======== Supplied data ========
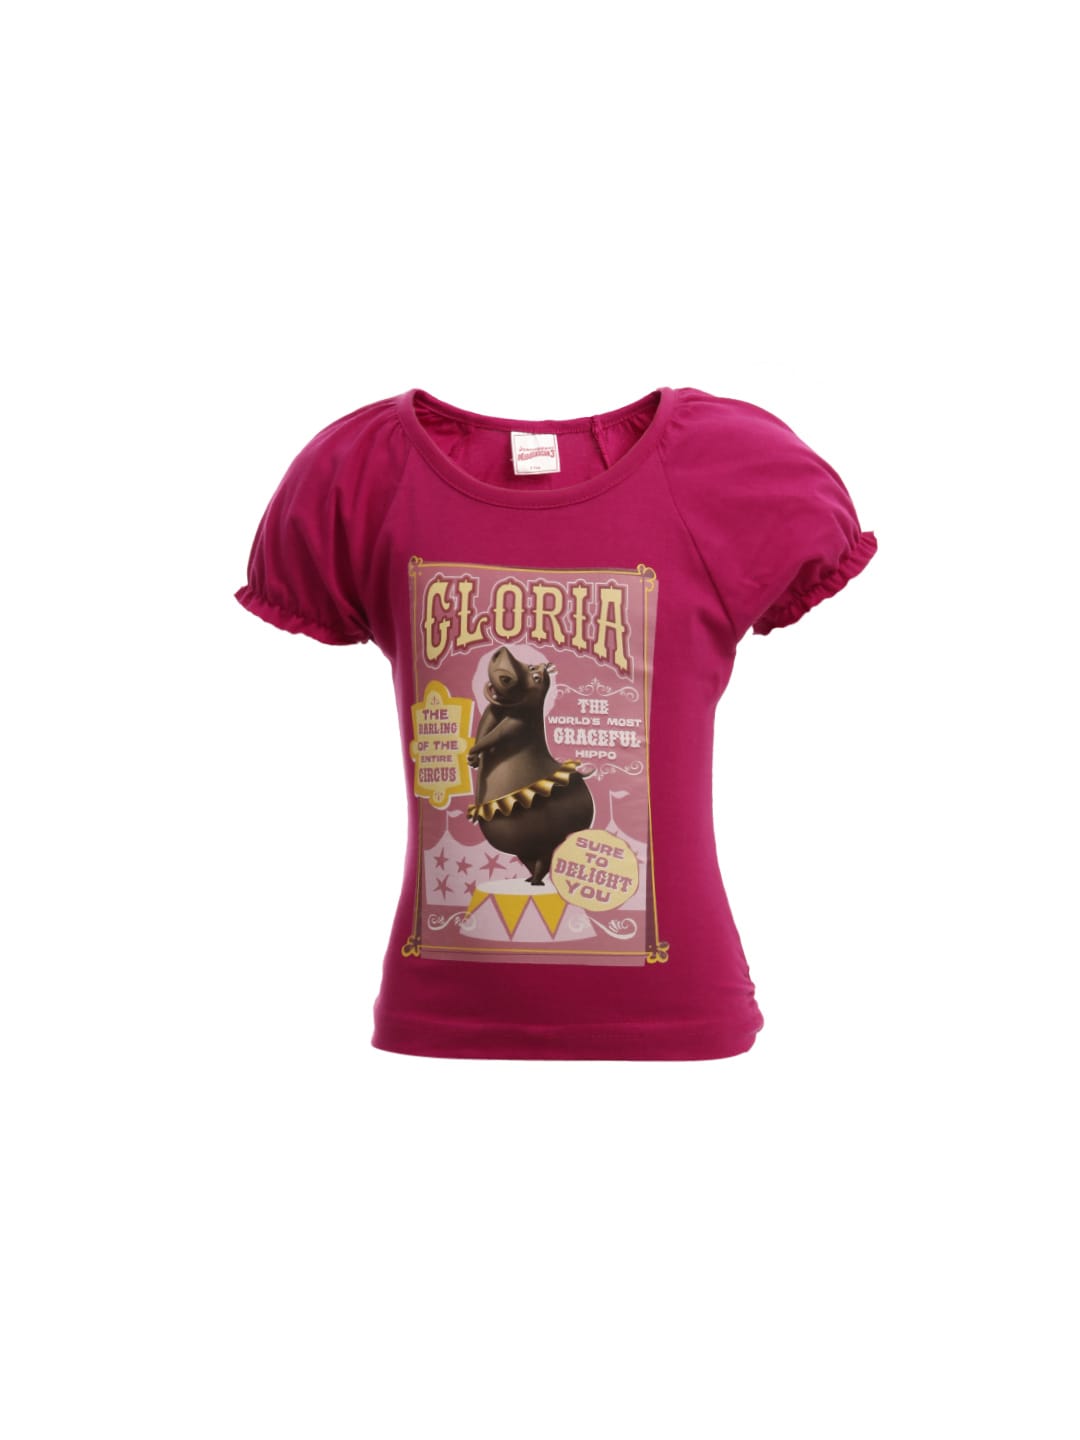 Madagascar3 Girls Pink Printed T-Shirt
========
======== Supplied data ========
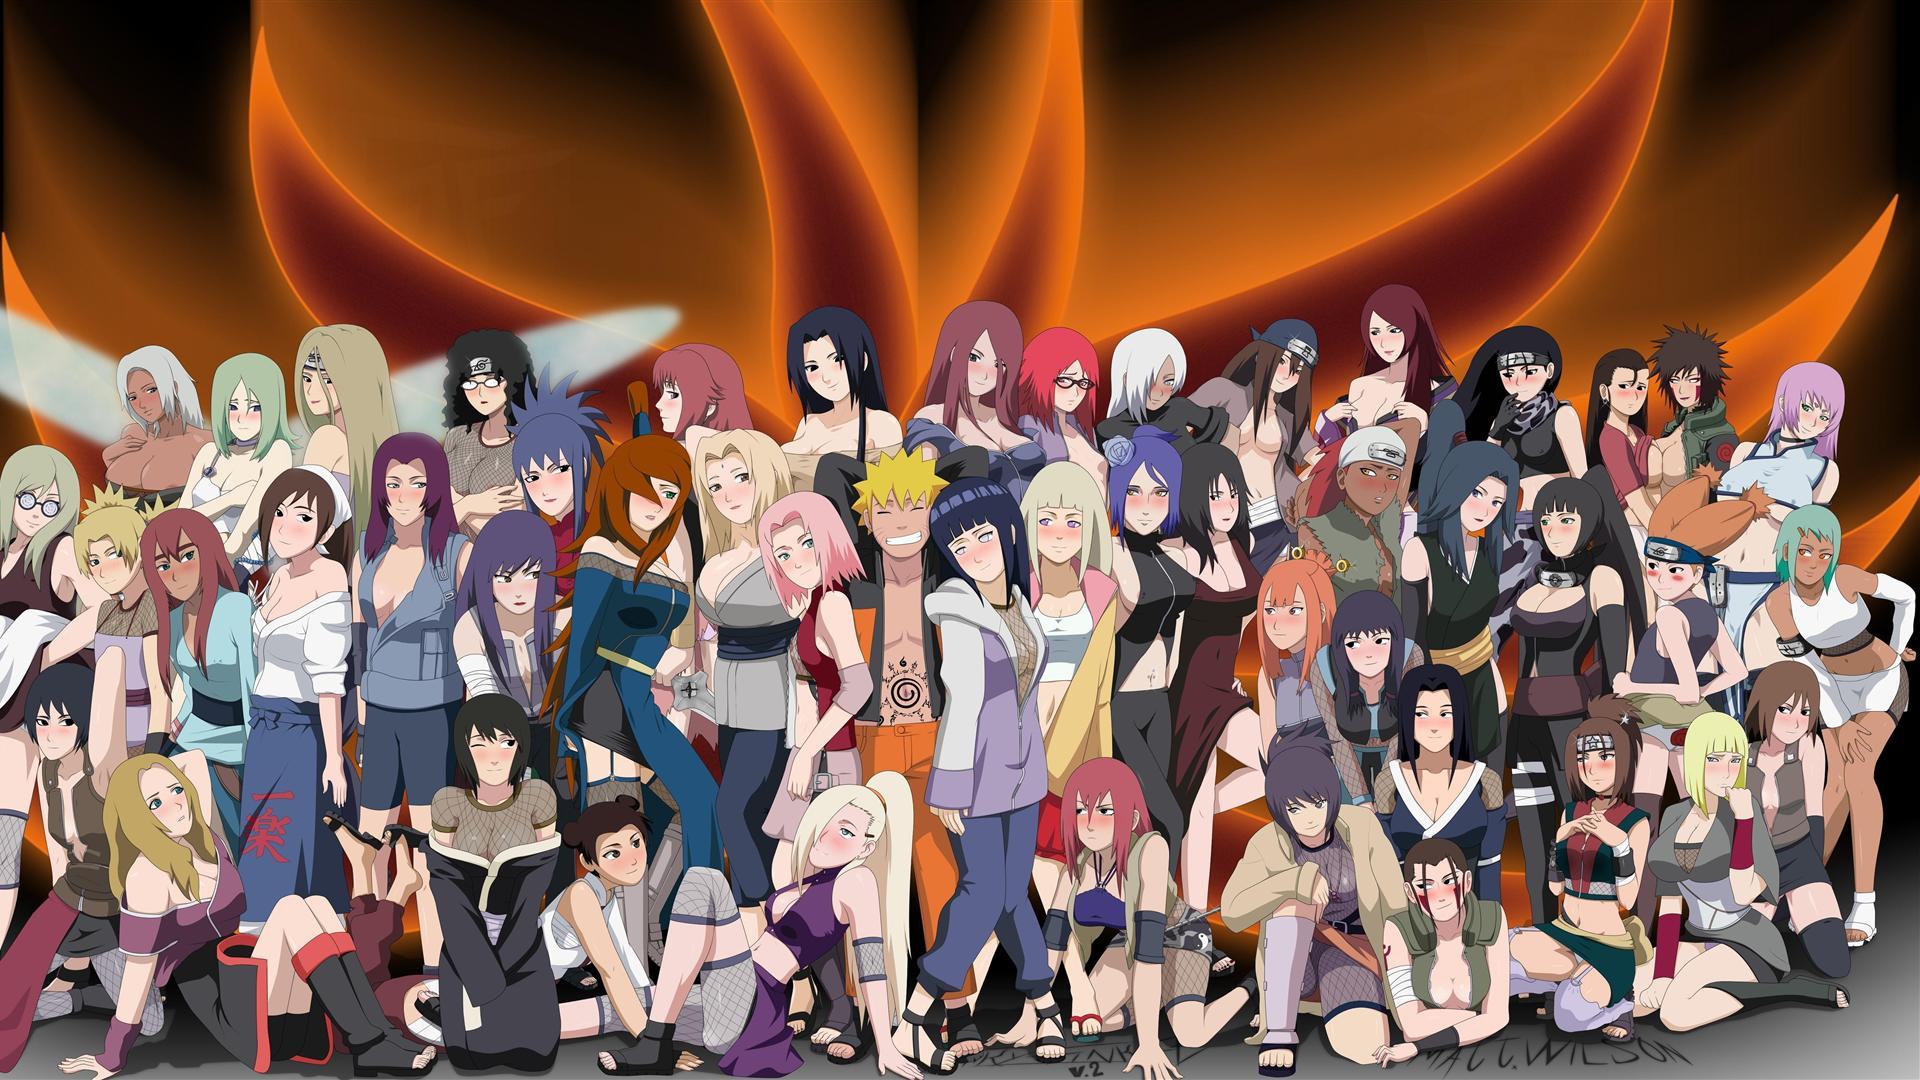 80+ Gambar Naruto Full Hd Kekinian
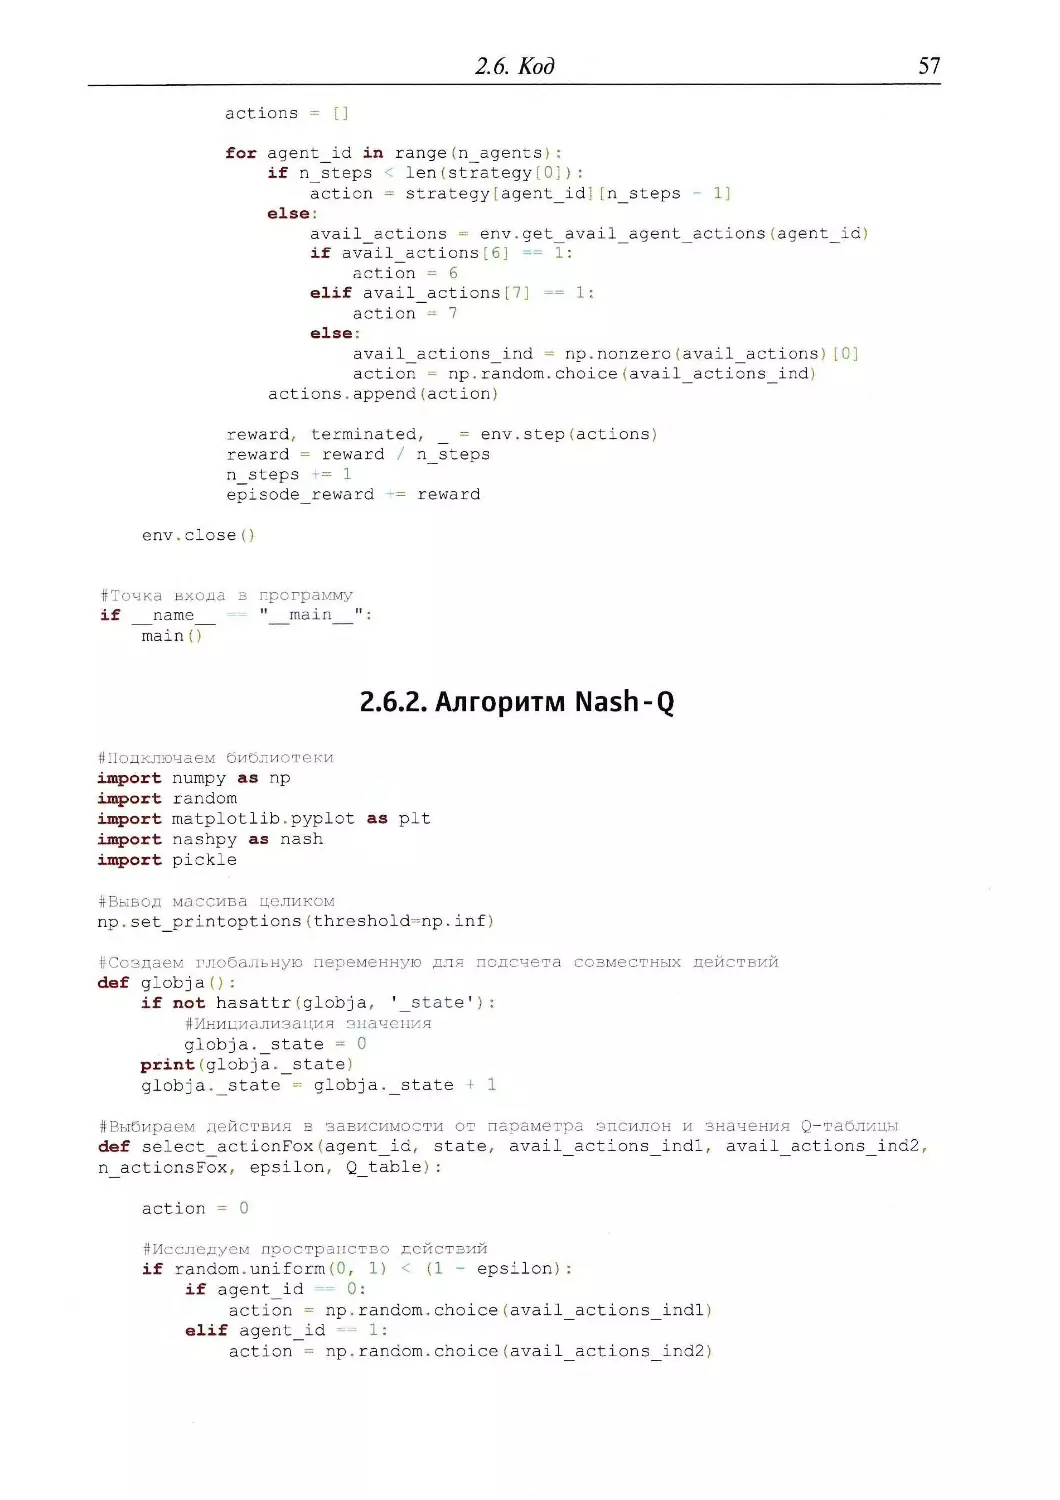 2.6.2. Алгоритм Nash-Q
========
§ Your goal: Look above for the line with "80+ Gambar Naruto Full Hd Kekinian" and the line with "2.6.2. Алгоритм Nash-Q", then copy exactly the lines from the first through the second, both kept, with no pictures.

§ Response:
 80+ Gambar Naruto Full Hd Kekinian
 2.6.2. Алгоритм Nash-Q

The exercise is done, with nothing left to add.